Let $<a_n>$ and $<b_n>$ be the arithmetic progression sequences each with common difference 2 such that $a_1<b_1$ and let $c_n=\sum ^n_{k=1} a_k$ and $d_n=\sum ^n _{k=1} b_k$. Suppose the points $A_n (a_n, c_n)$ and $B_n(b_n,d_n)$ are all lying on the parabola, $y=px^2+qx+r$, then find value of $p,q$
Starting off, I am really confused on what the question is trying to say. I typed it out as it is.
I can find out $c_n$ and $d_n$ in terms of n and $a_n$
$$c_n=\frac n2 (a_1+a_n)$$
But that doesn’t get me anywhere. I just want some insight.

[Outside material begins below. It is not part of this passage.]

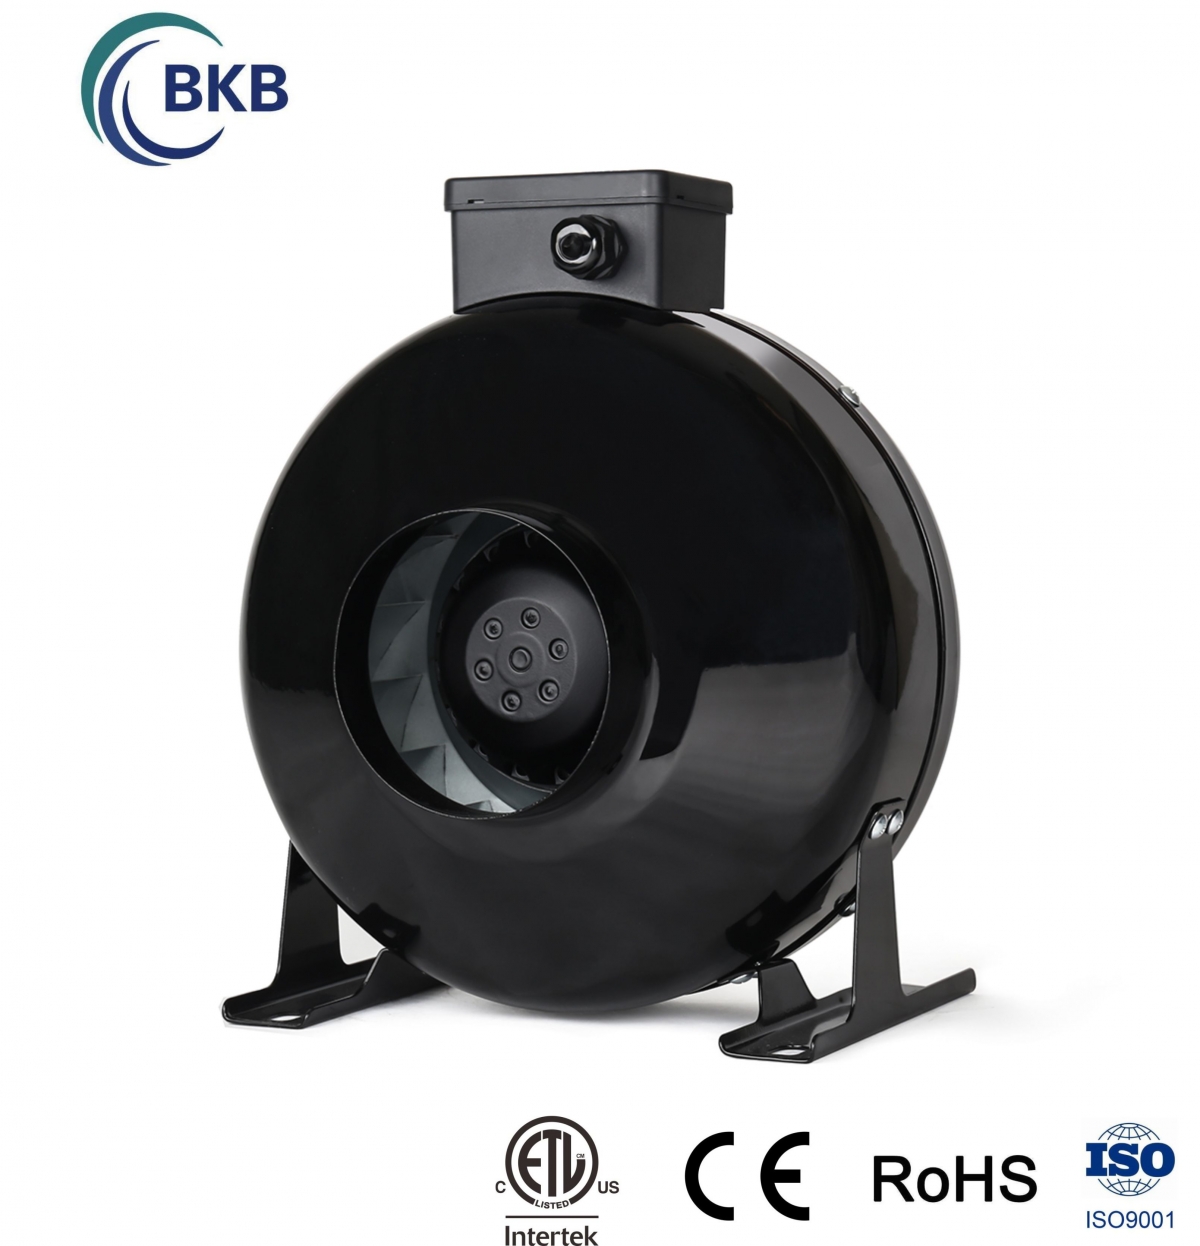 HOME ELECTRONIC EQUIPMENT EXHAUST ELECTRIC AIR BLOWER Manufacturer SUPPLIER in China.-SUNLIGHT BLOWER,Centrifugal Fans, Inline Fans,Motors,Backward curved centrifugal fans ,Forward curved centrifugal fans ,inlet fans, EC fans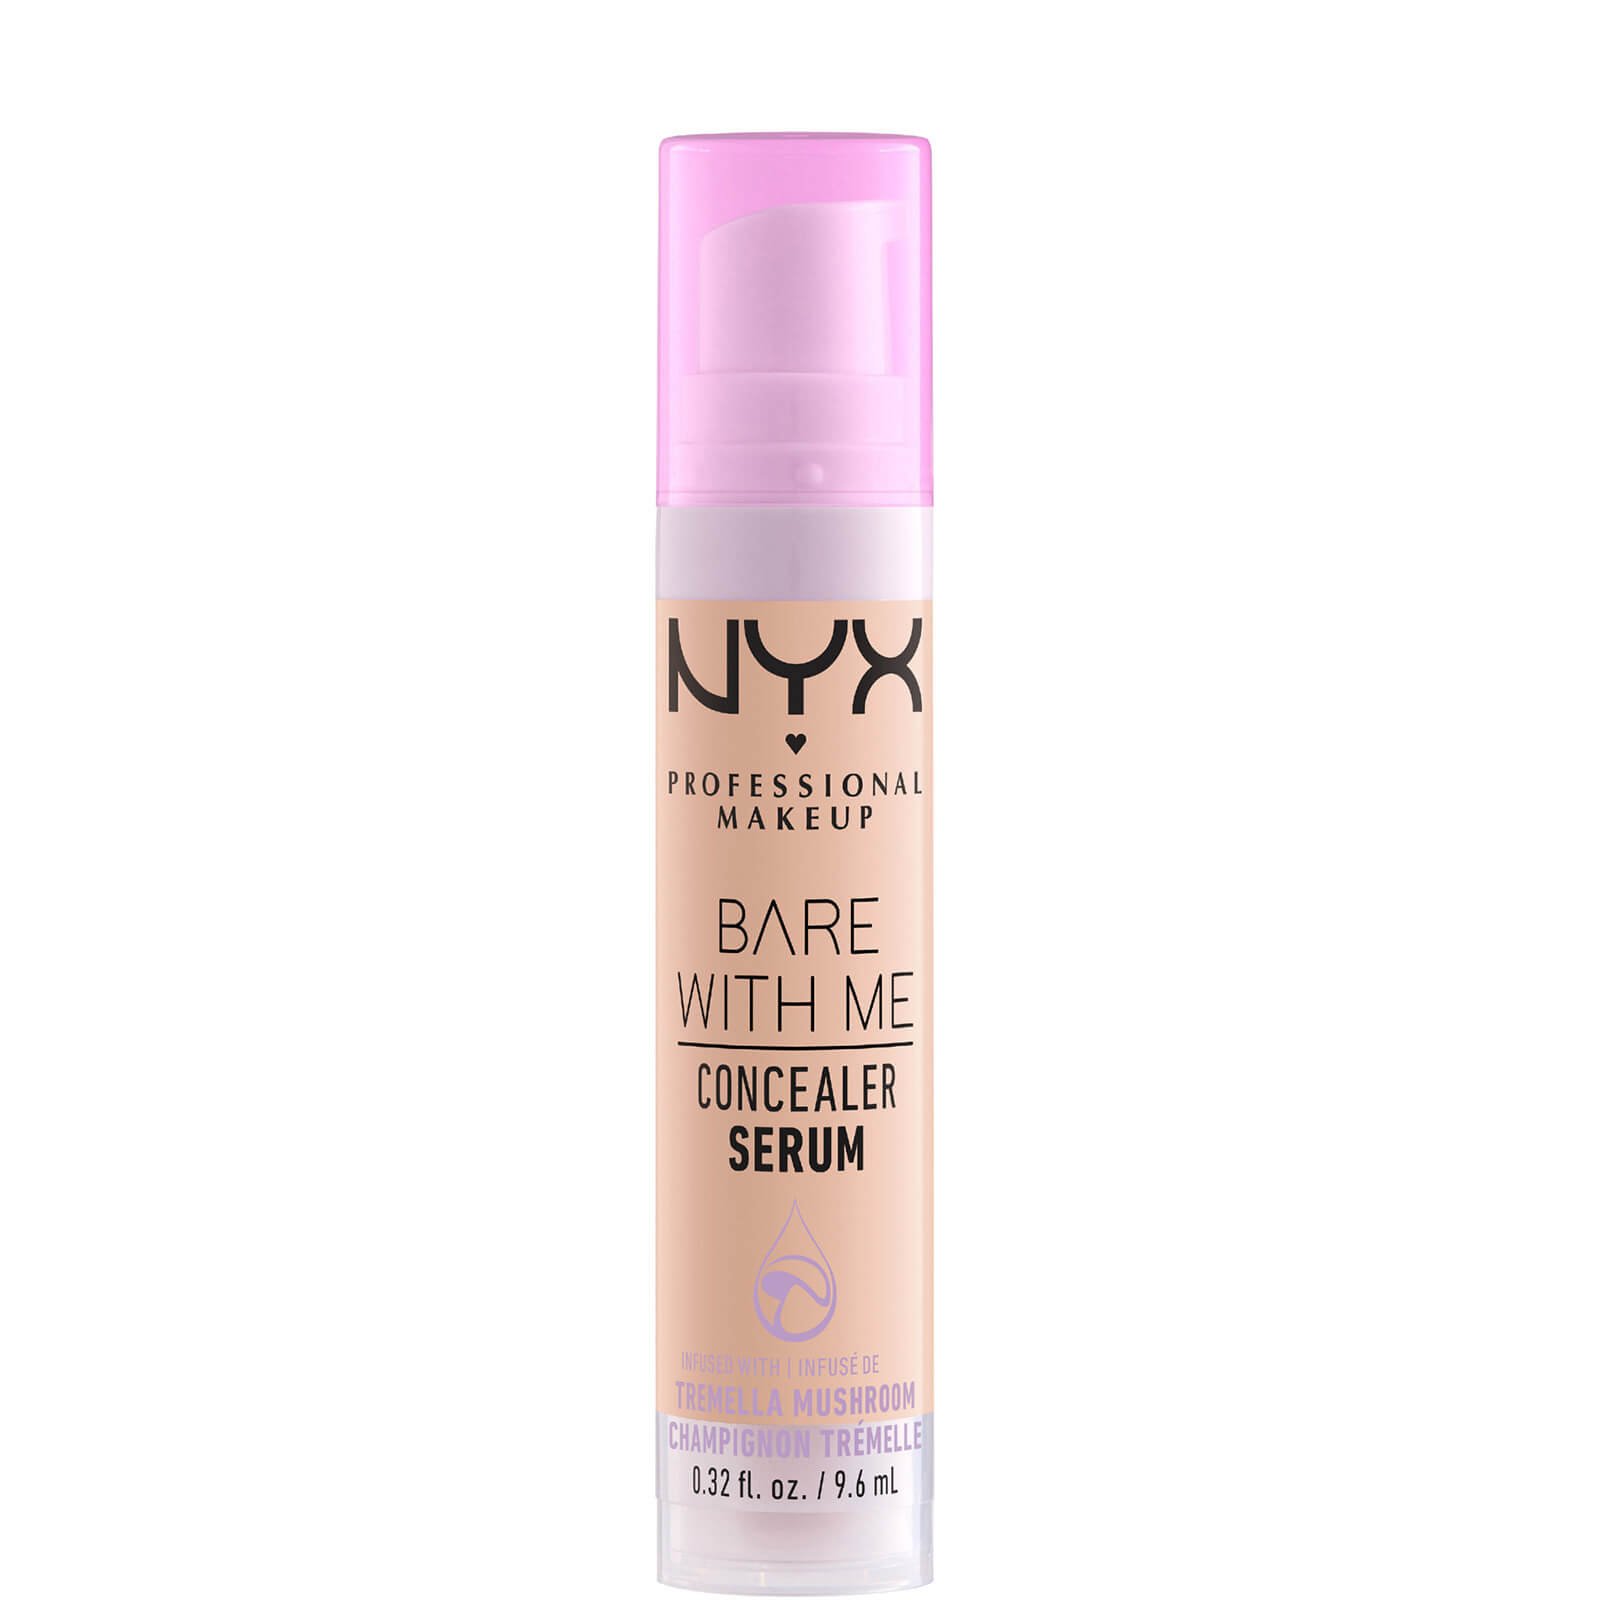 NYX Professional Makeup Bare With Me Concealer Serum 9.6ml (Various Shades) - Light von NYX Professional Makeup

The points $A_n(a_n,c_n)$ and $B_n(b_n,d_n)$ lie on the parabola. This means that $$c_n=pa_n^2+qa_n+r \\ d_n=pb_n^2+qb_n+r$$ for each $n$. Subtract the two equations to obtain $$d_n-c_n=p(b_n-a_n)(b_n+a_n)+q(b_n-a_n) $$ Note that $$b_n-a_n=(b_{n-1}+2)-(a_{n-1}+2)=b_{n-1}-a_{n-1}=\ldots=b_1-a_1 $$ and $$d_n-c_n=(b_n-a_n)+(b_{n-1}-a_{n-1})+\cdots+(b_1-a_1)=n(b_1-a_1) $$ so we have $$n(b_1-a_1)=p(b_1-a_1)(b_n+a_n)+q(b_1-a_1) \\ \Rightarrow n=p(b_n+a_n)+q $$ where we divided by $b_1-a_1\ne 0$. This holds for each $n$ so you can take $n=1$ and $n=2$ to obtain $$1=p(a_1+b_1)+q \\ 2=p(a_2+b_2)+q $$ Then subtract the two equations (note that $a_2-a_1=2$ and $b_2-b_1=2$), and we have $4p=1\Leftrightarrow p=1/4$. To find $q$, use that $(a_1,a_1)$ and $(a_2,a_1+a_2)$ lie on the parabola: $$a_1=p(a_1)^2+qa_1+r \\ a_1+a_2=p(a_2)^2+qa_2+r $$ Again, subtract the two equations, substitute $a_2=a_1+2$, and then plug in $p=1/4$. You'll arrive at $2q=1\Leftrightarrow q=1/2$.